For the event they do, like an Olympic games style format and have people sign up in teams for events a couple of weeks beforehand. Anyone in any sort of classical/mythology related course can join and they opened the event for public spectating. They have a few traditional events like a foot race, long jump and chariot race. But the also have some silly ones like Medusa's Snakes, where they shove their faces into bowls of whipped cream and fish out gummy worms, Pandora's Amphora, where they stick there hands into a box/jar of mystery contents (grapes, slime, a live animal like rats or kittens, a bunch of glitter, soda, etc.) and whoever keeps their hand in the longest wins, and Gladiator Fights, where they try to knock each other into a foam pit with those foam and rubber jousting sticks and the such.
Neither Danny, nor Jason want to participate for fear of their physical/supernatural abilities being discovered so the both get talked into doing the emceeing and commentary for the events. They make a really good duo, snarking and bantering with each other, playing off each other's energy and providing fun commentary to the events. Everyone, including the batfam who came to spectate, is a bit baffled by how well they are getting along bc last they checked these two were rivals of a sort, mildly annoying at best and actively antagonistic at worst. However, they really seem to be enjoying themselves.
The last event of the day is a trivia contest, which they both decide to take part in and let someone else take over the emceeing. The final winning trivia question is "what trope was falsely understood as a marriage proposal or declaration of love by misinformed media, that was actually closer to a ploy of seduction and indication of sexual desire according to Greek texts" and the both ring in at the same time to say "tossing an apple to someone" and an tie for the win. They both go up on stage to receive the prize (idk a gift card or smth) and shake hands before walking away in opposite directions.

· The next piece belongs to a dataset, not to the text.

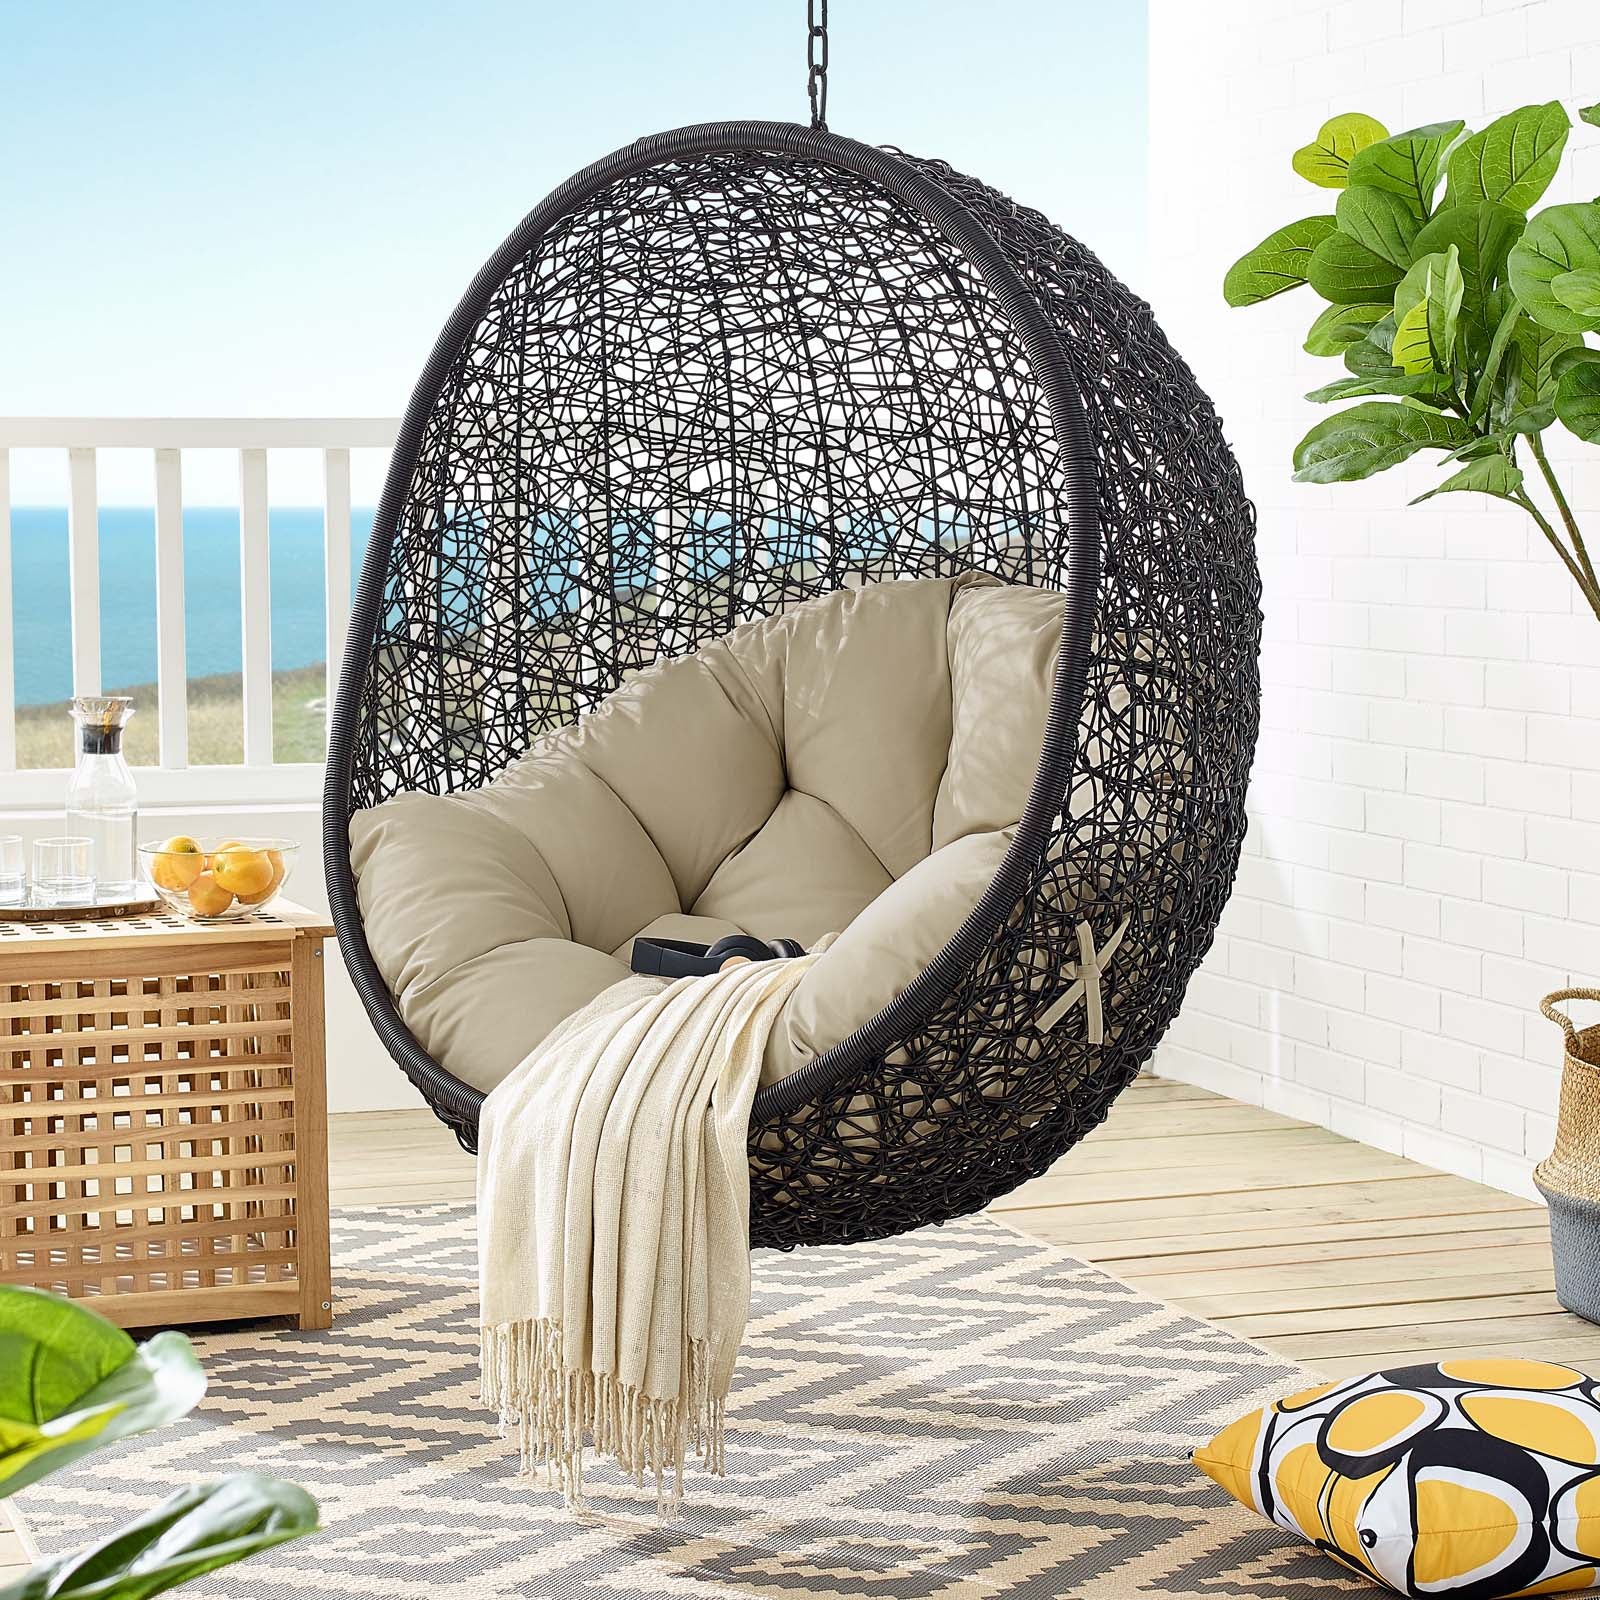 Modway Outdoor Swings - Encase Sunbrella Swing Outdoor Patio Lounge Chair Black Beige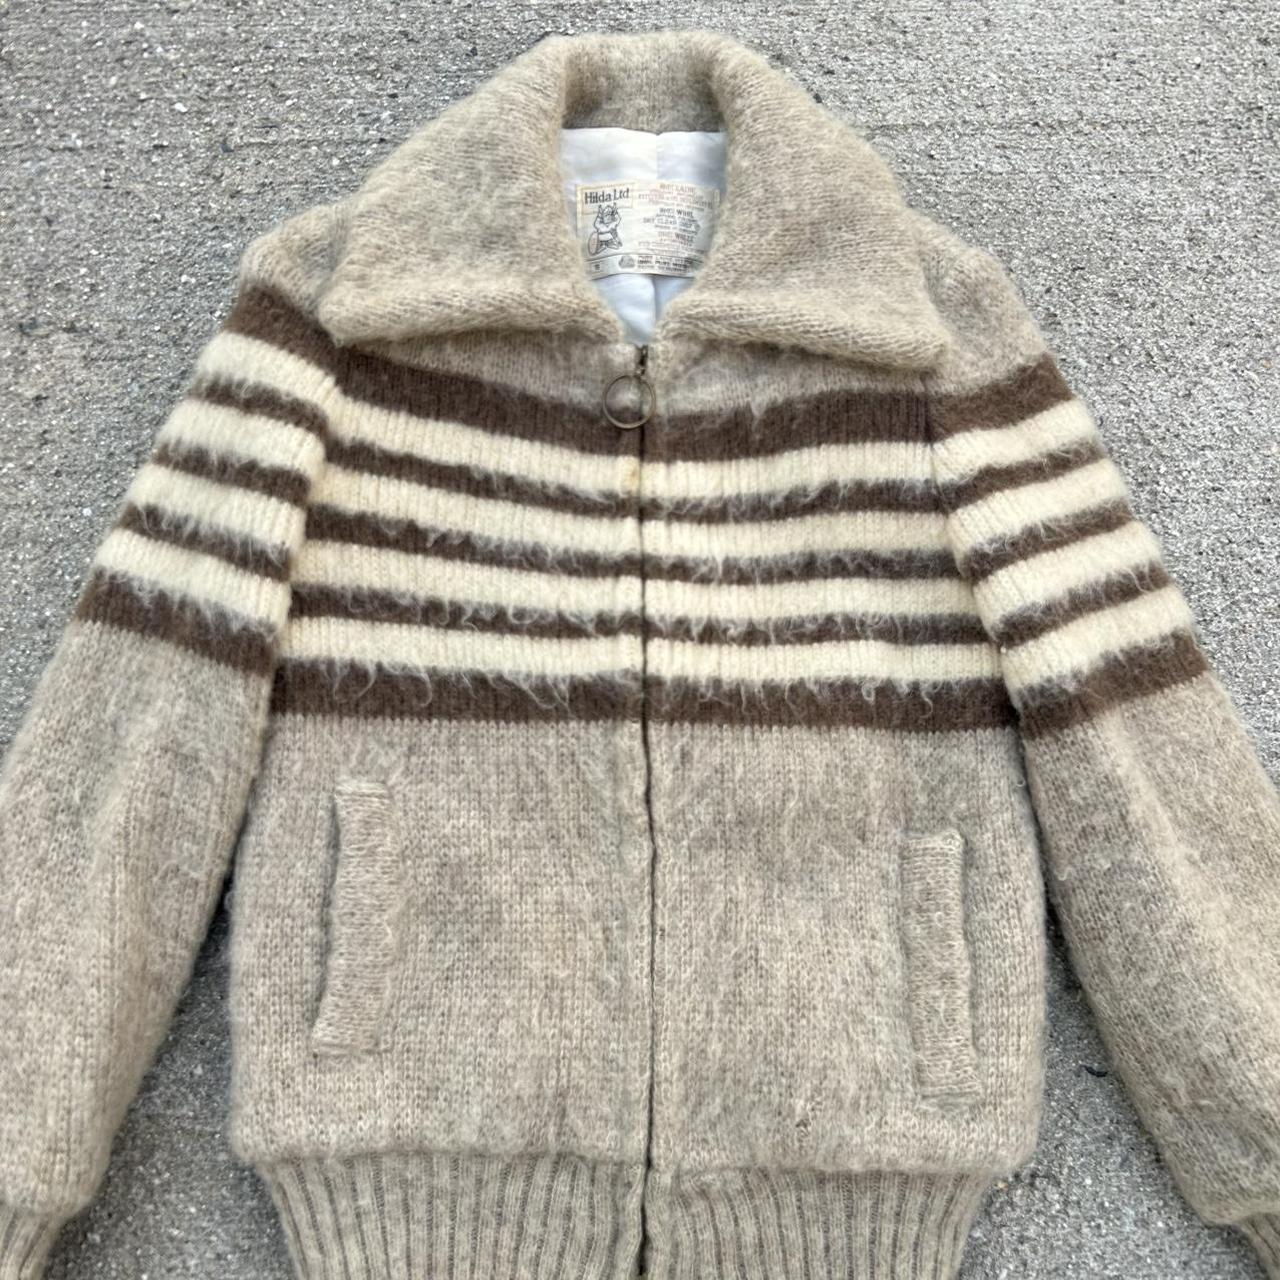 Vintage 60s 70s Hilda wool jacket full zip lined... - Depop

Then suddenly Danny calls out to Jason just before he leaves the stage and chucks an apple he seemingly produced out of nowhere at him. The apple has a note with the time and date of a dinner reservation on it and when Jason looks back up at Danny he see the slightly flushed boy tentatively smiling at him.
" What do ya say Jase? Will you go out with me?"
And instead of replying Jason just straight up kisses him in front of everyone. Everyone else is gobsmacked by this whole turn of events except Tim who's cackling his head off, screaming "I FUCKING KNEW IT". When the two of them break apart they grin at each other widely and Jason drags Danny of the stage presumably to go make out somewhere.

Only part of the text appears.